Un nuevo sistema promete castigar la imprudencia vial con mano dura, pero solo para conductores de alquiler. Mientras tanto, los particulares reincidentes reciben penas menores y siguen circulando. Esta doble vara revela un problema de fondo: la seguridad vial no se aplica por igual. La solución real pasa por endurecer las sanciones para cualquier conductor peligroso, sin importar su perfil, y crear un registro público de infracciones graves que impida obtener licencias a quienes demuestren ser un riesgo constante.

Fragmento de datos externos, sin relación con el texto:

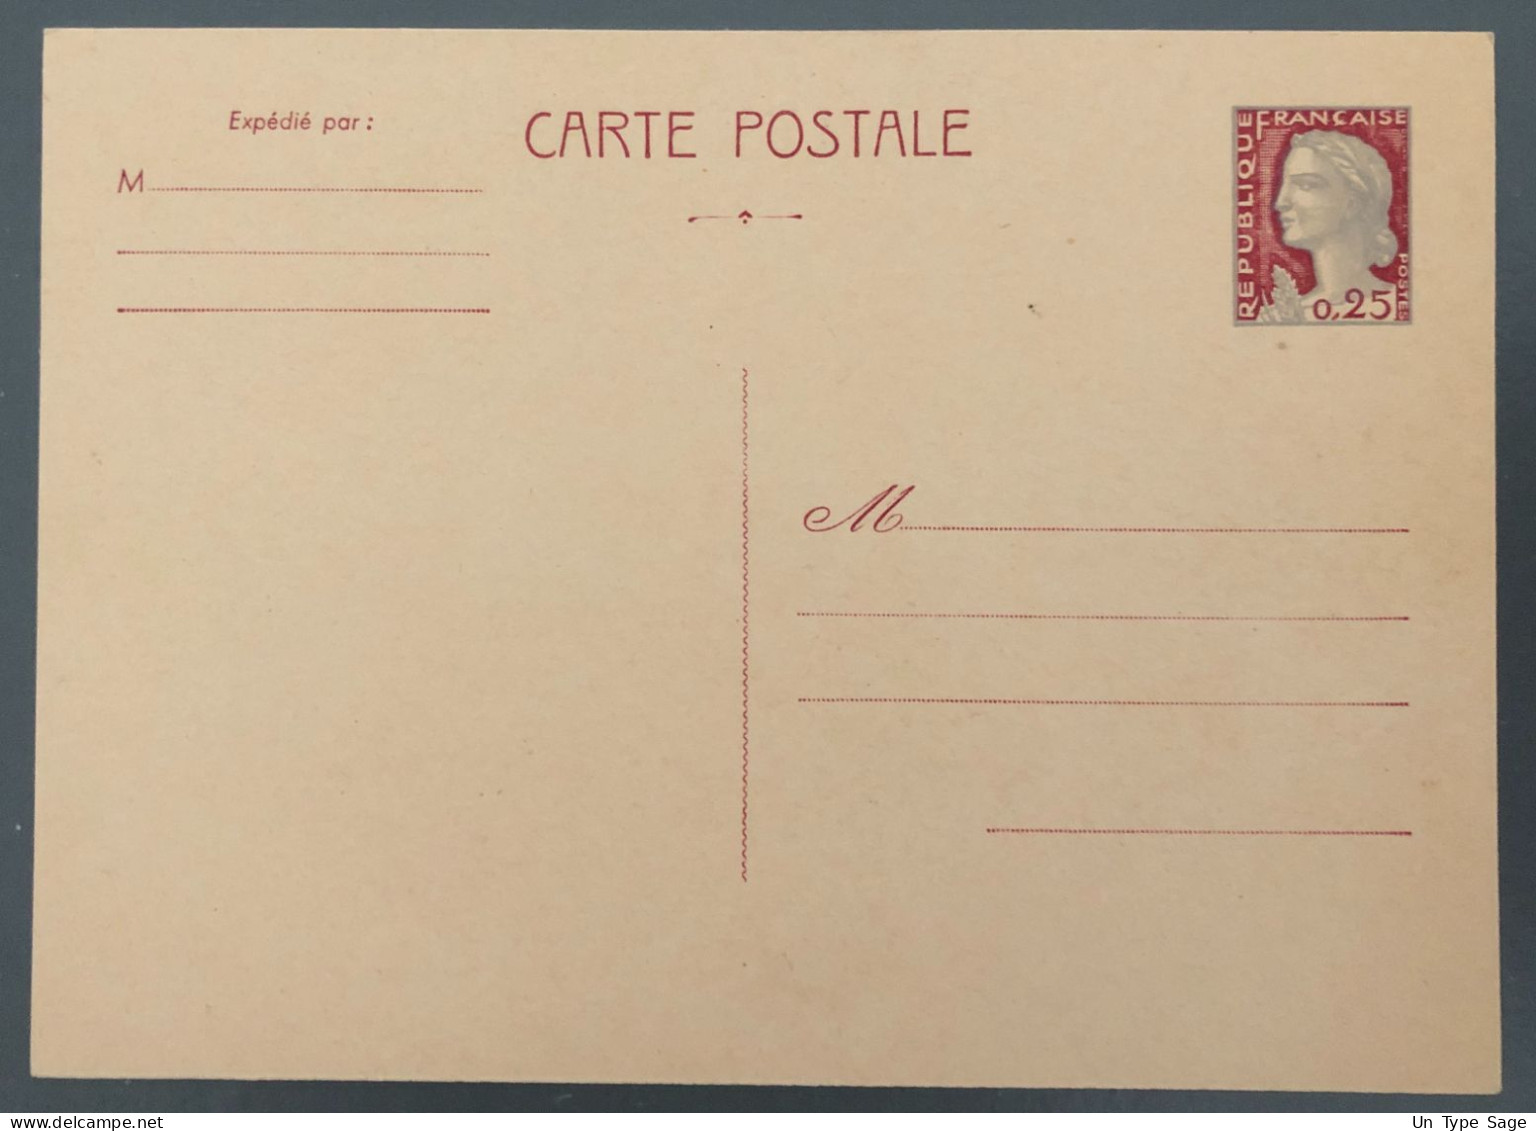 France Entier Type Marianne 25c. - Carte Postale - (B1973) - Streifbänder

El algoritmo que juzga según el carnet de conducir 🚦
La tecnología detrás del sistema se basa en cámaras de reconocimiento y bases de datos que cruzan matrículas con licencias comerciales. Al detectar una infracción grave, aplica sanciones automáticas que pueden incluir la suspensión inmediata del permiso de alquiler. Sin embargo, el mismo software ignora a los conductores particulares con decenas de multas previas. Esta discriminación técnica no es un fallo, sino una decisión de diseño. Si el objetivo es reducir la siniestralidad, el algoritmo debería priorizar el historial de infracciones sobre el tipo de licencia, sin excepciones.

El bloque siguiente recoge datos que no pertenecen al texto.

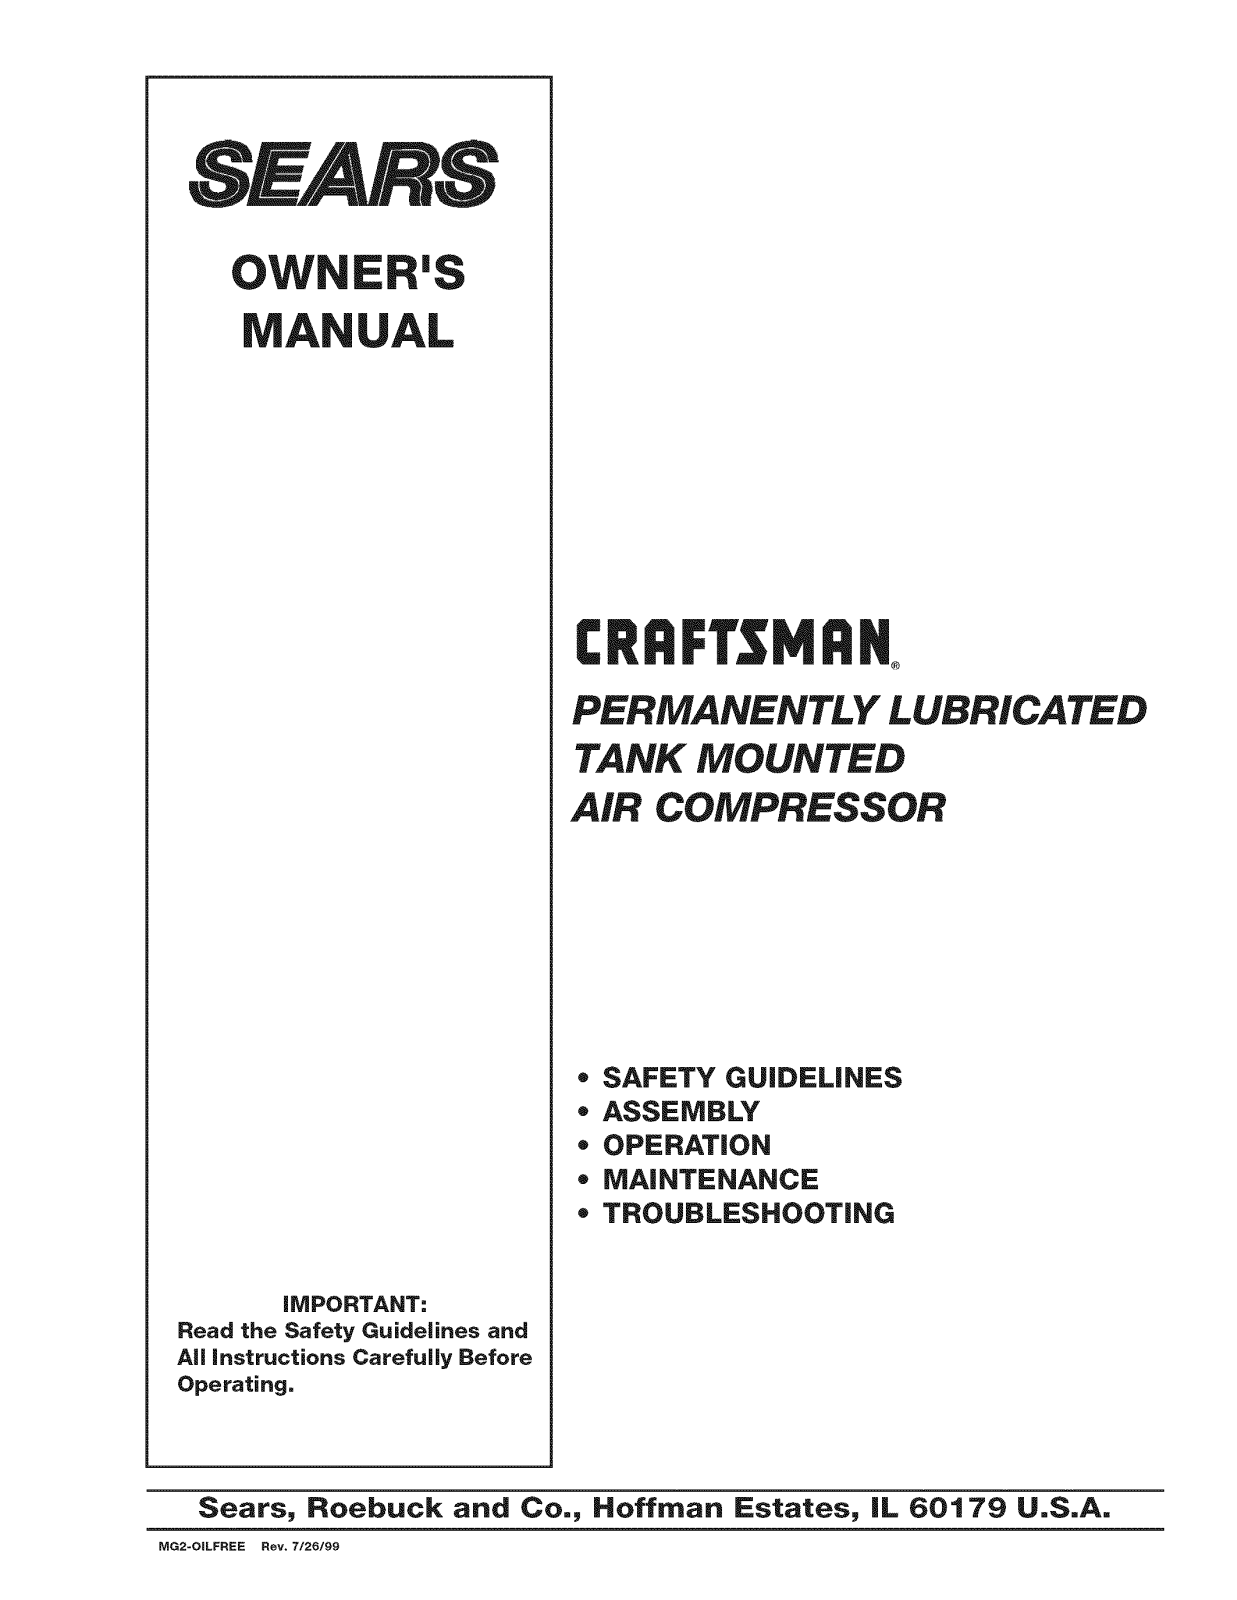 Craftsman 919165310, 919186430, 919167330, 919167200, 919165500 Owner’s Manual

La selectividad vial: castigan al chófer y perdonan al kamikaze 🚗💨
Es curioso: un conductor de alquiler que se salta un semáforo recibe un castigo ejemplar, pero el particular que acumula cinco infracciones similares sigue tan campante. Parece que la seguridad vial tiene clases: si eres de pago, pagas; si eres particular, te dan palmaditas. El sistema parece diseñado por alguien que nunca ha visto a un kamikaze en un SUV familiar. Mientras no se aplique la misma vara de medir, seguiremos viendo cómo los reincidentes con carnet propio circulan felices, dejando a los demás el papel de paganos de la carretera.